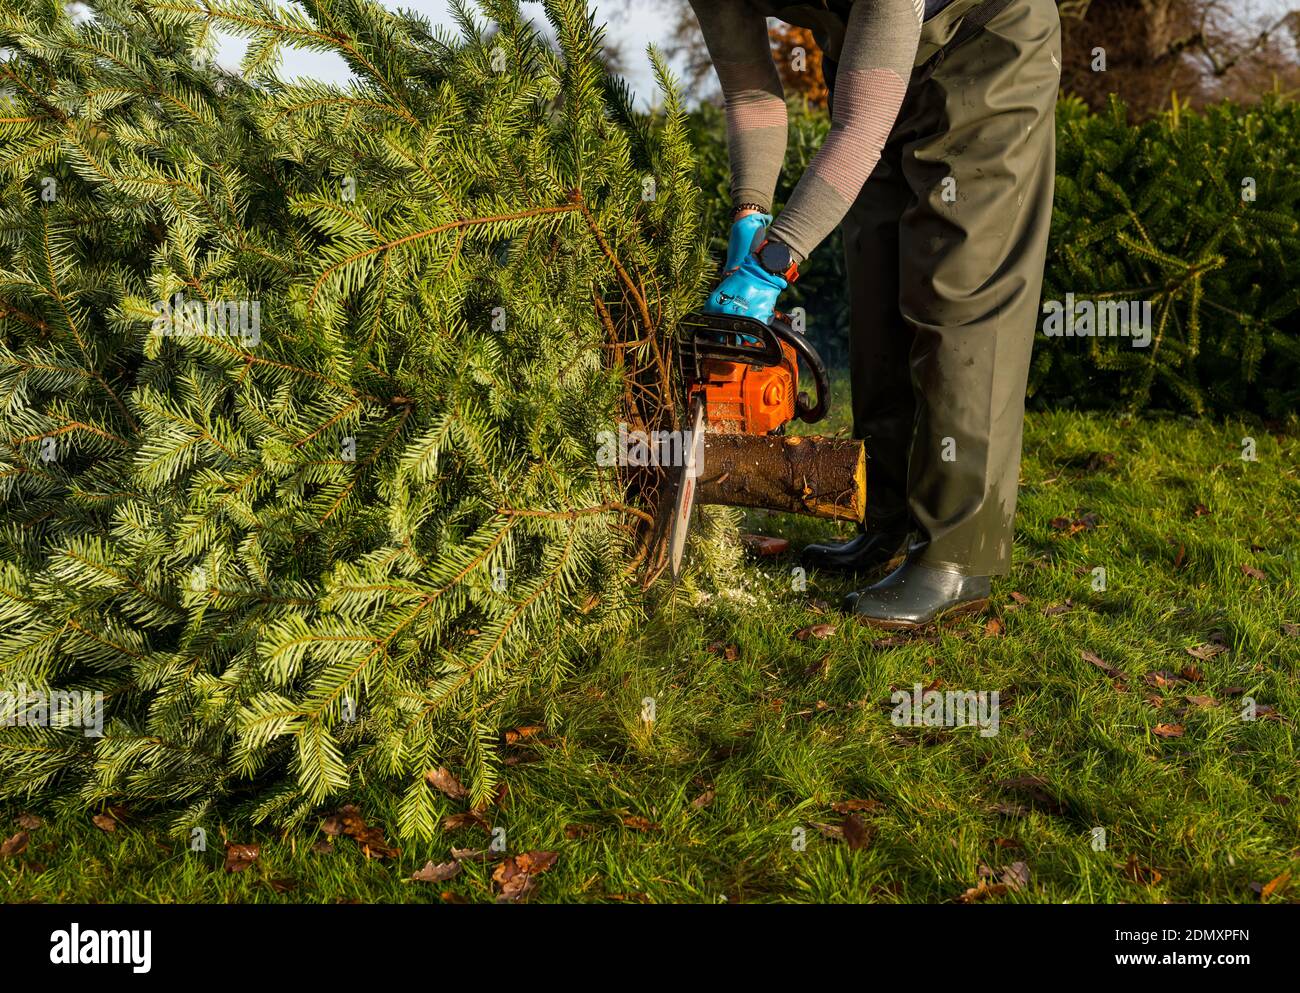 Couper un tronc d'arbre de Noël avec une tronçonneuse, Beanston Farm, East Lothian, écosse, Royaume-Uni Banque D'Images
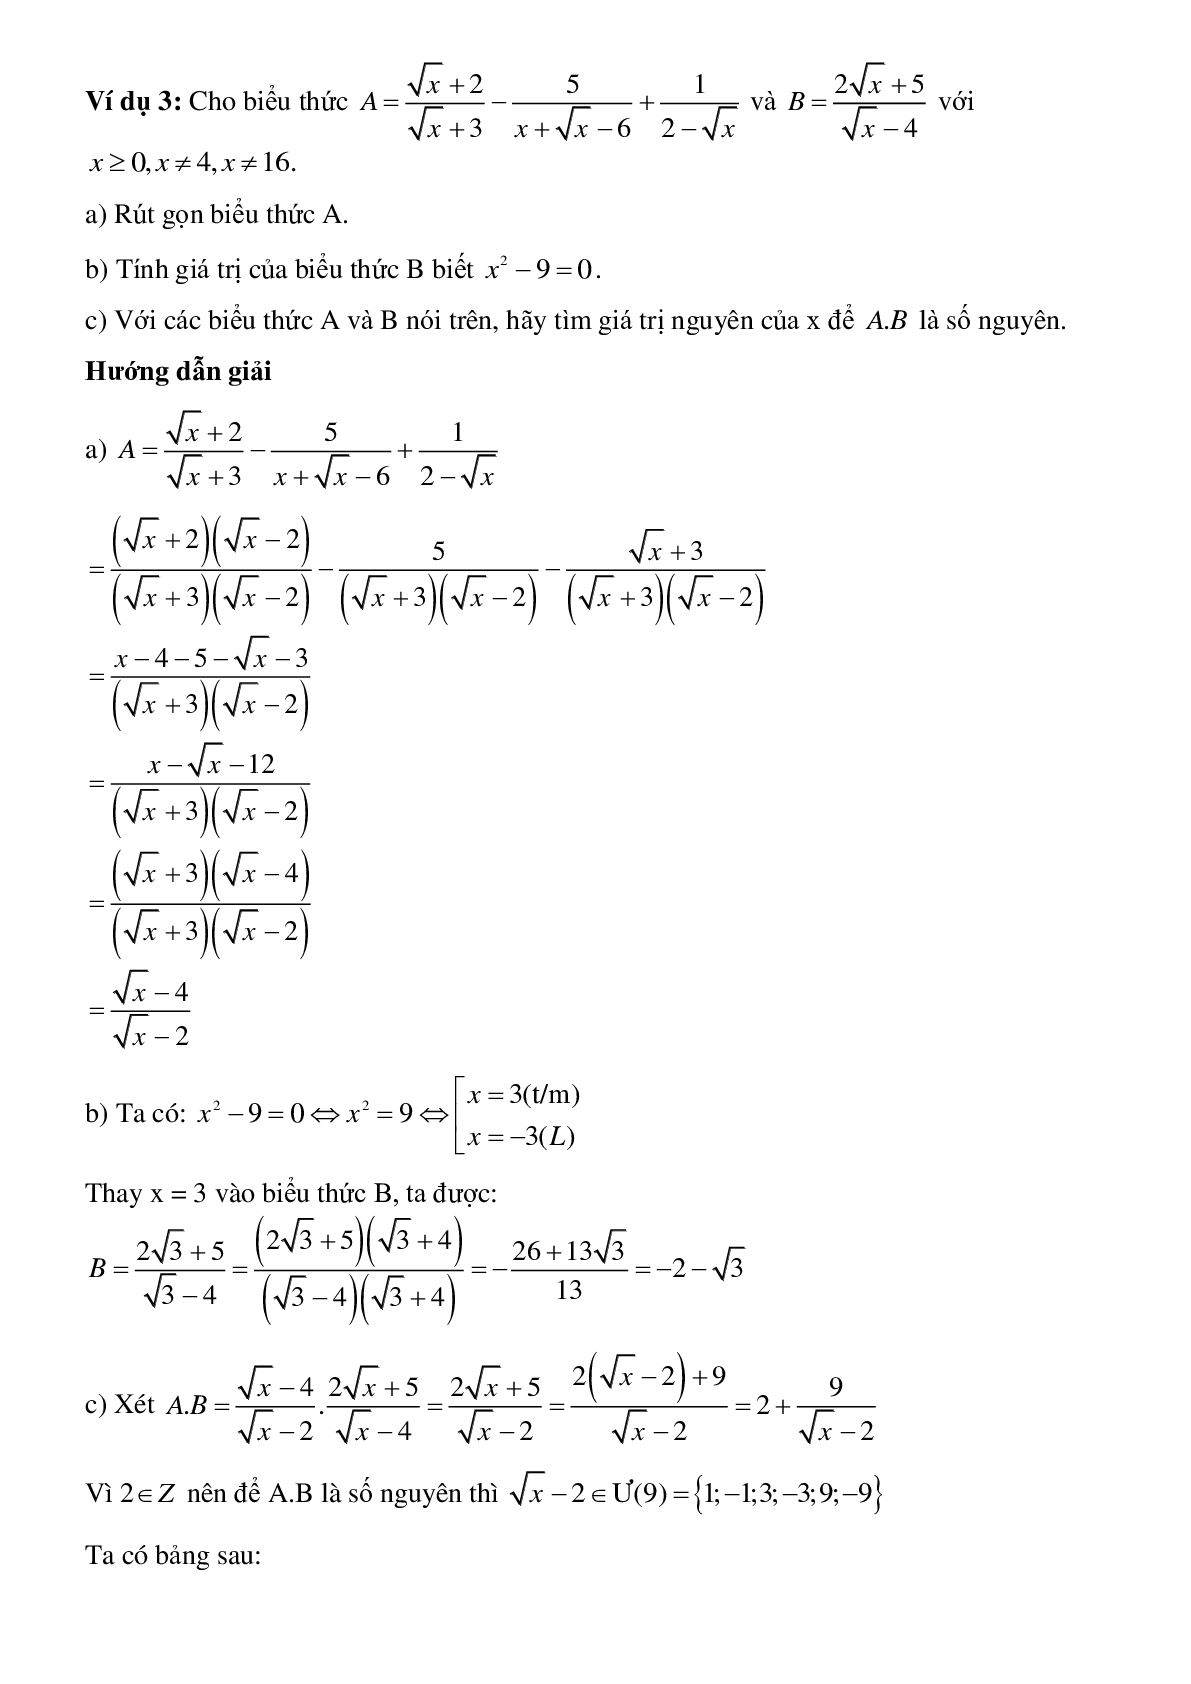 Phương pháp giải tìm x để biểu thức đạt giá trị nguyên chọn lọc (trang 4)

==

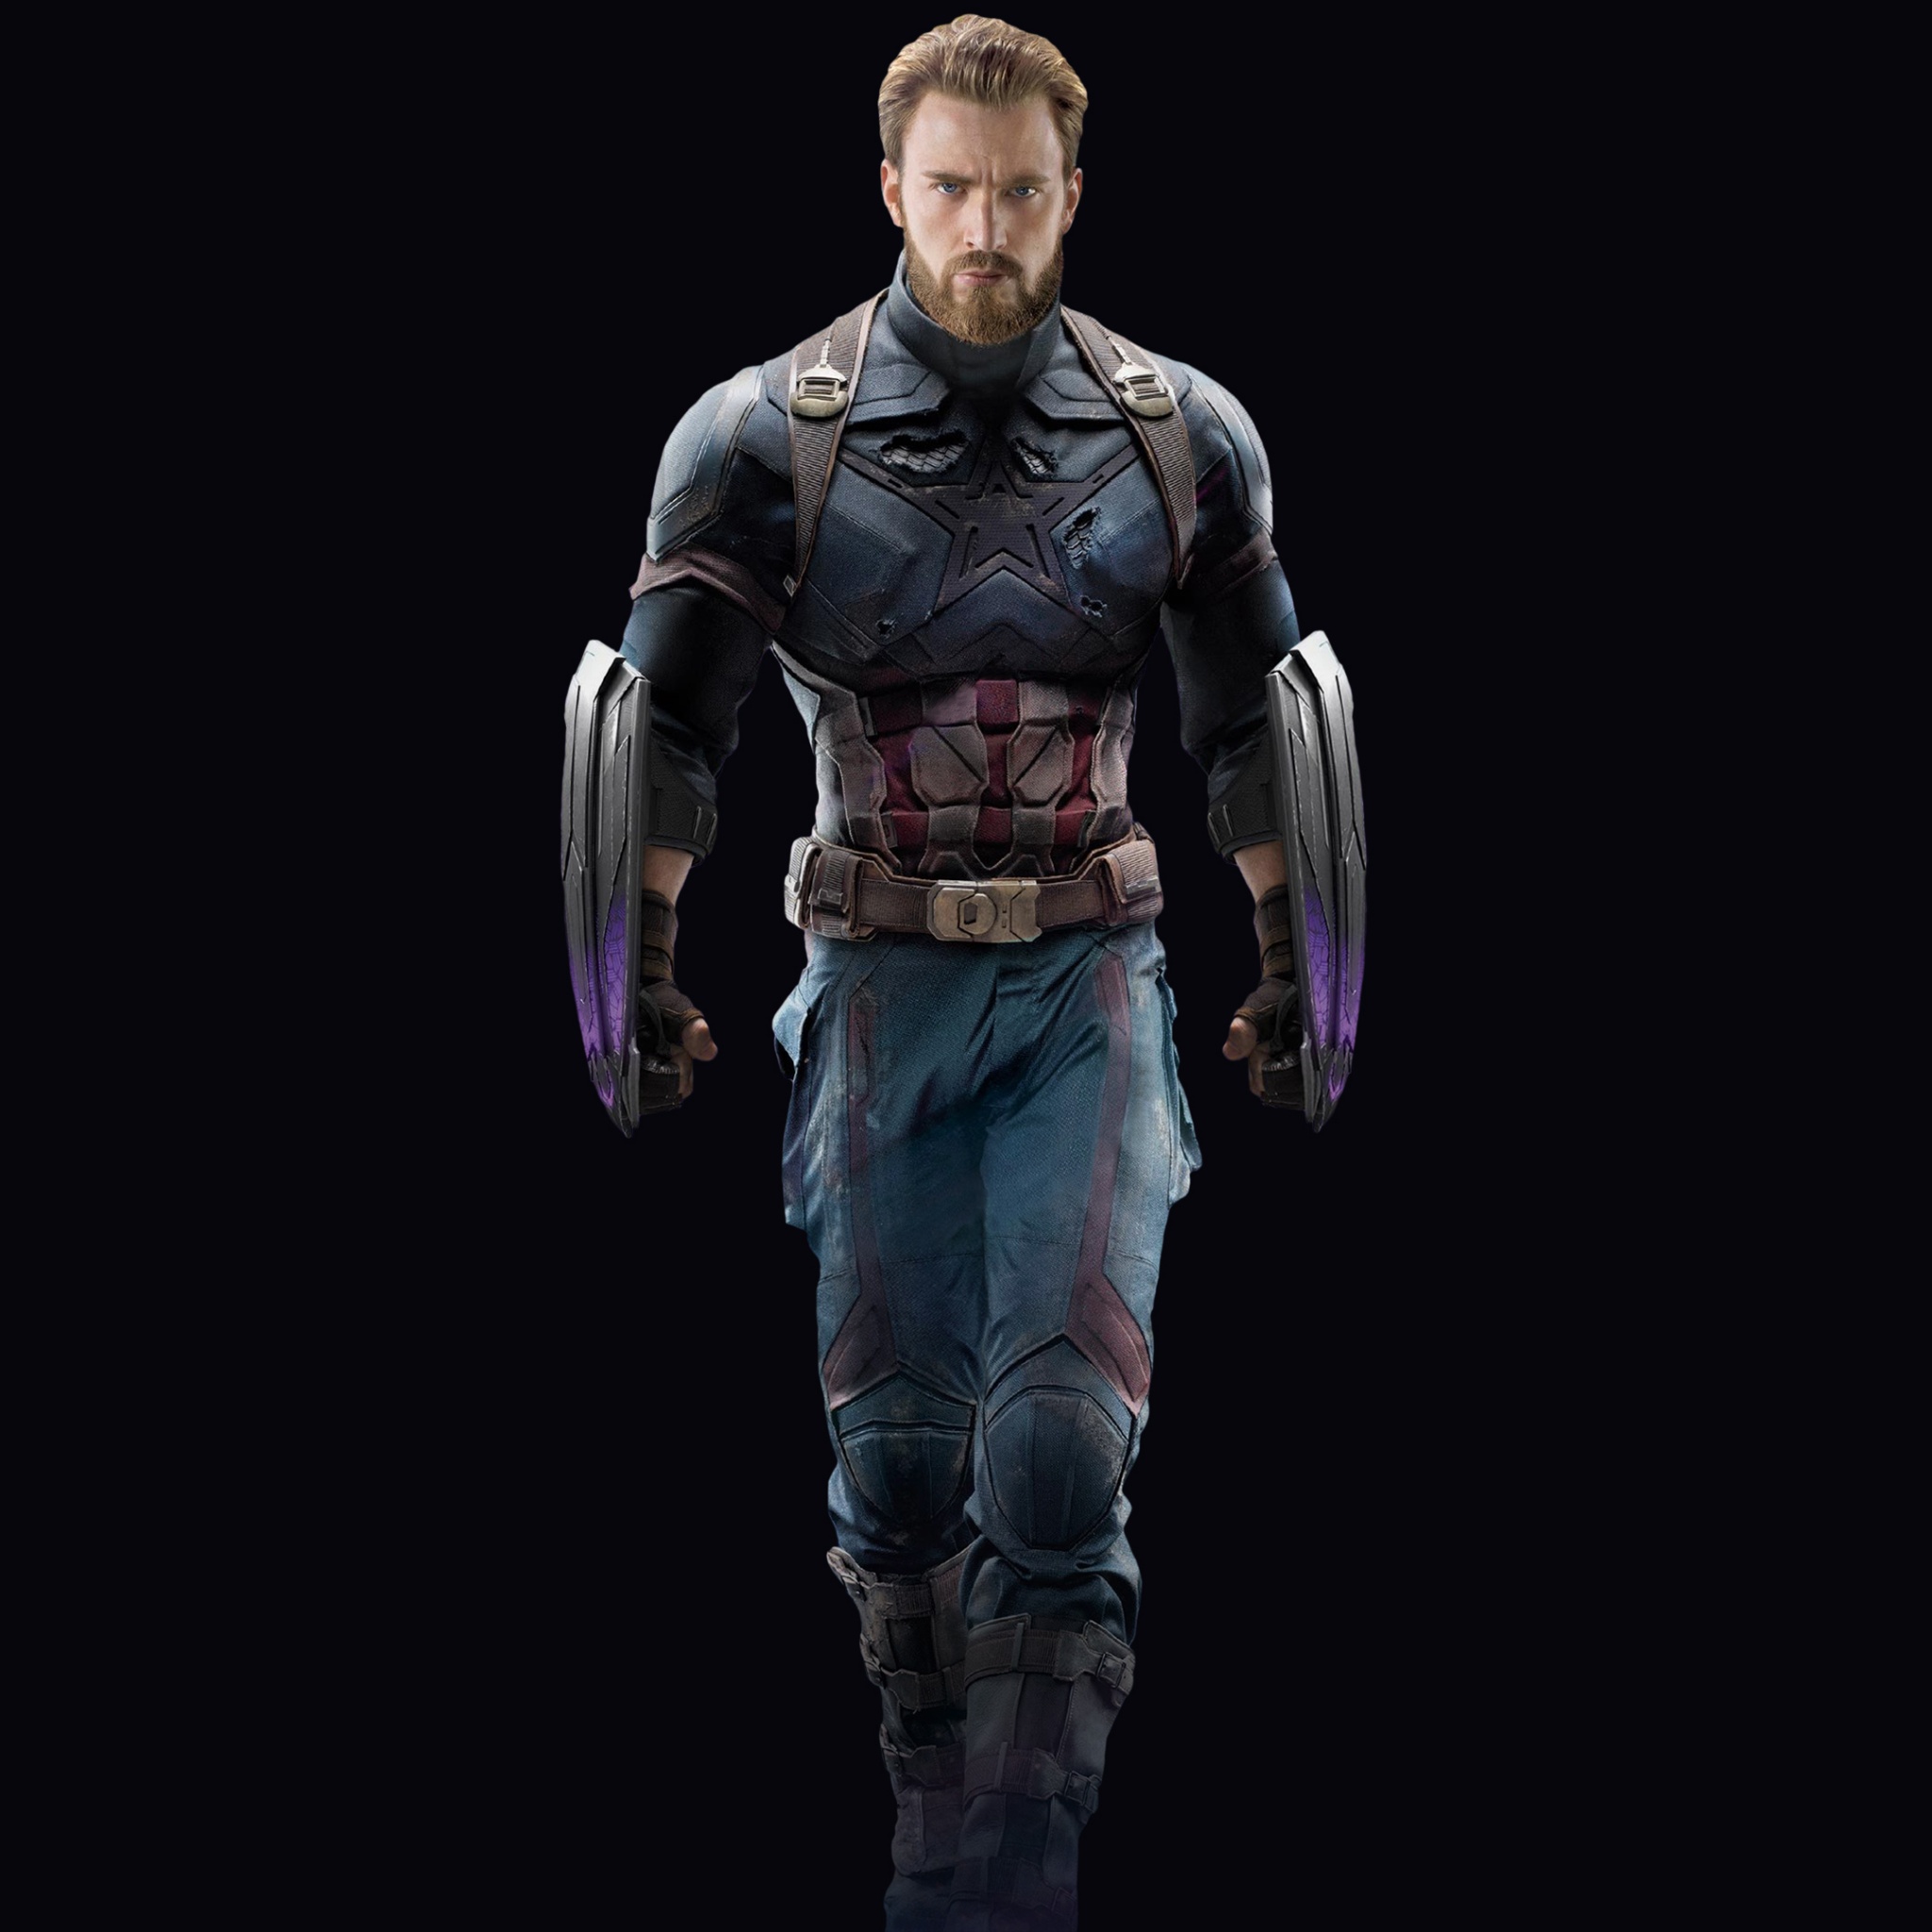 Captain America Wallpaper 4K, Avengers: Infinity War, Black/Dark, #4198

# Your objective
Write out word for word the lines above that run from the one with "Couper un tronc" to the one with "Phương pháp giải". Include both end lines; exclude the images.

# Response below
 Couper un tronc d'arbre de Noël avec une tronçonneuse, Beanston Farm, East Lothian, écosse, Royaume-Uni Banque D'Images
 Phương pháp giải tìm x để biểu thức đạt giá trị nguyên chọn lọc (trang 4)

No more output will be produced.